RALEIGH, N.C. (AP) — One North Carolina General Assembly chamber has approved Republican legislation demanding sheriffs pay attention to the immigration status of jail inmates and be obliged to help federal agents seeking their custody. The state Senate approved the measure Thursday along party lines. It now heads to the House. It generally follows the scope of a 2019 bill that Democratic Gov. Roy Cooper vetoed successfully. A similar result would be likely since the GOP’s House and Senate majorities aren’t veto-proof. The bills have been prompted by first-term Democratic sheriffs in several counties who’ve refused to work closely with U.S. Immigration and Customs Enforcement.

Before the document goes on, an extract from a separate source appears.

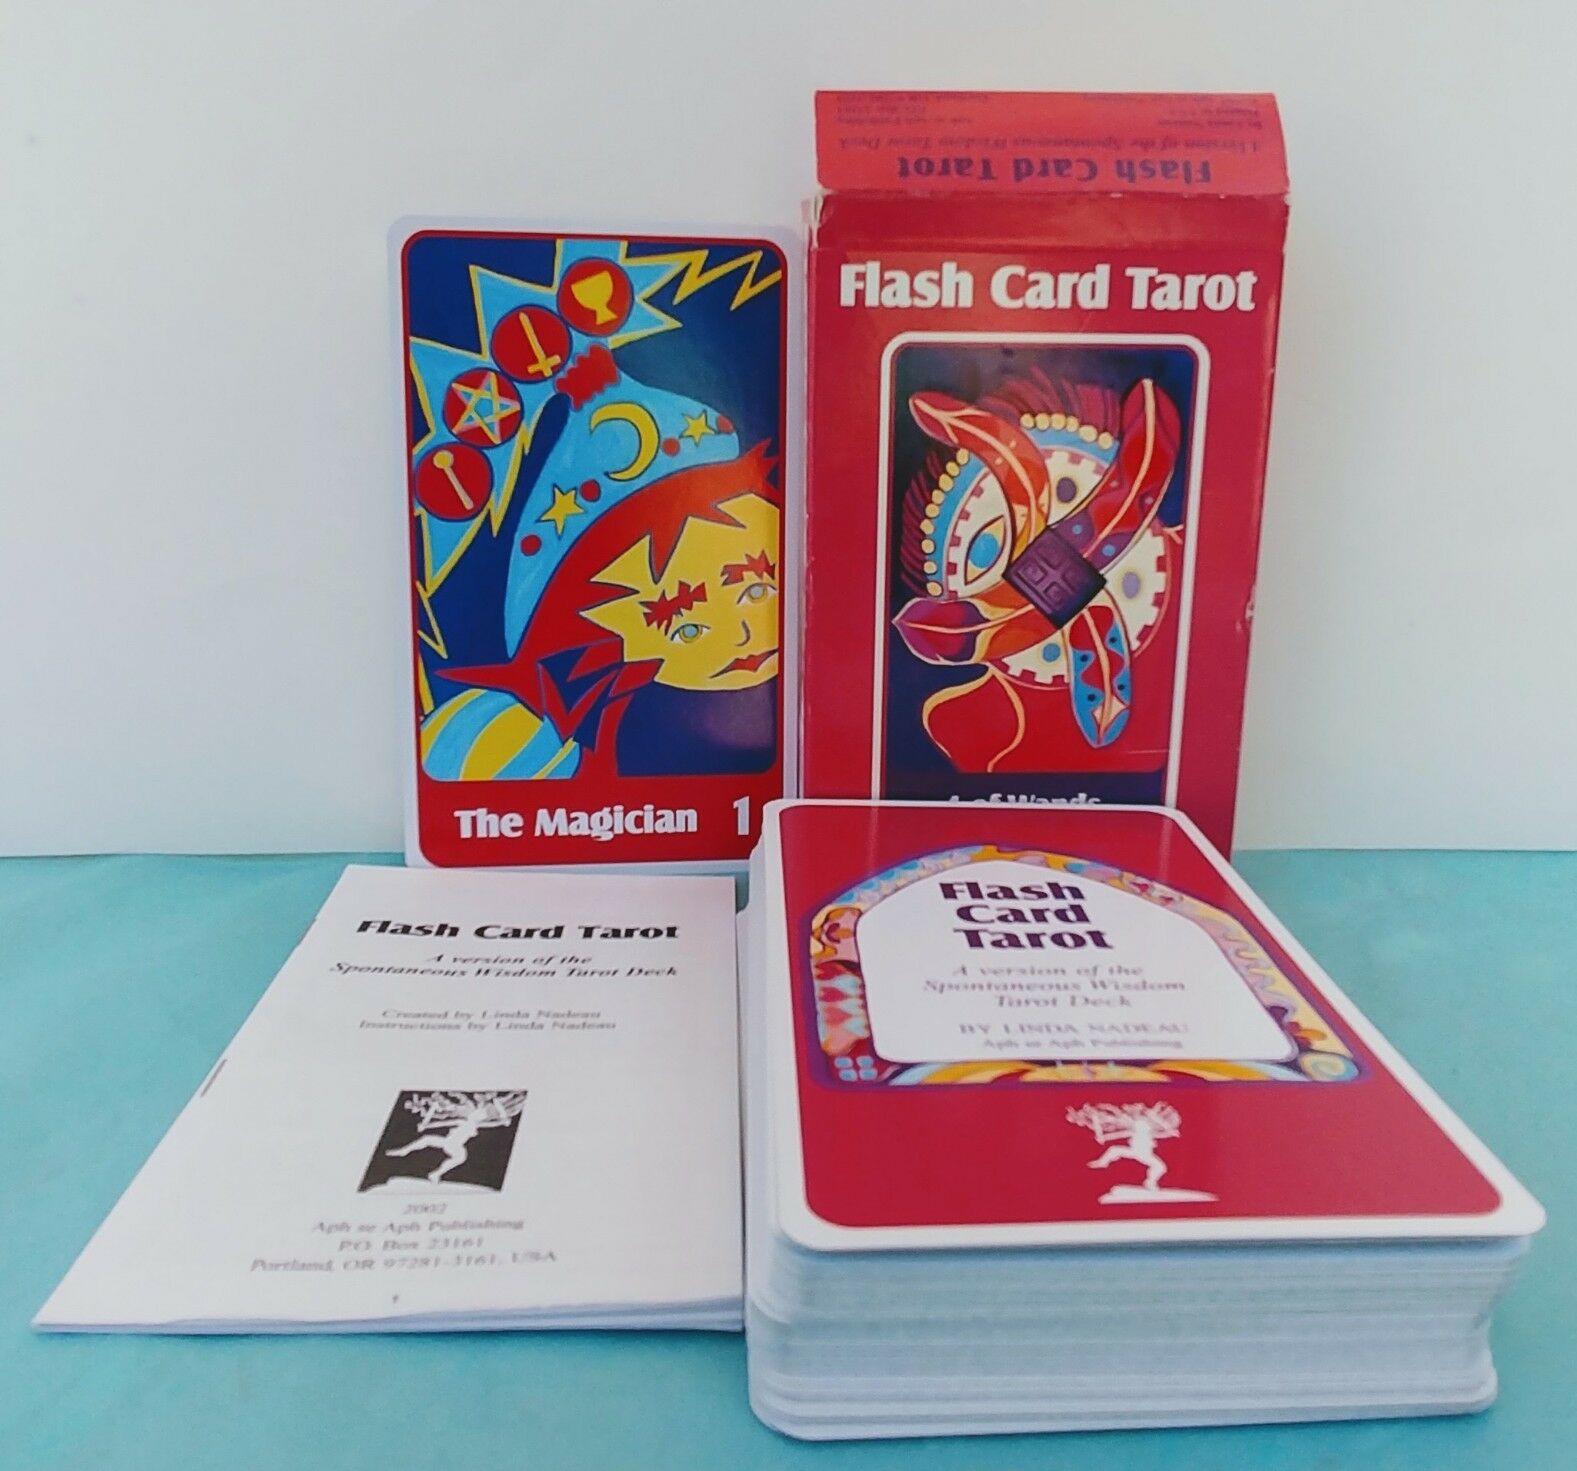 Flash Card Tarot

NC bill to return more students to classrooms becomes law

RALEIGH, N.C. (AP) — Compromise legislation that directs how North Carolina’s K-12 schools must offer in-person instruction this spring to all students is now law. Democratic Gov. Roy Cooper signed it on Thursday, hours after the House vote unanimously for the measure, which came about through negotiations between legislative Republicans and Cooper. The Senate already passed it Wednesday. The bill untangles a stalemate surrounding a previous school-reopening measure that Cooper vetoed almost two weeks ago. The measure directs elementary schools to provide full-time classroom instruction to all students and gives that option to districts for their middle and high schools.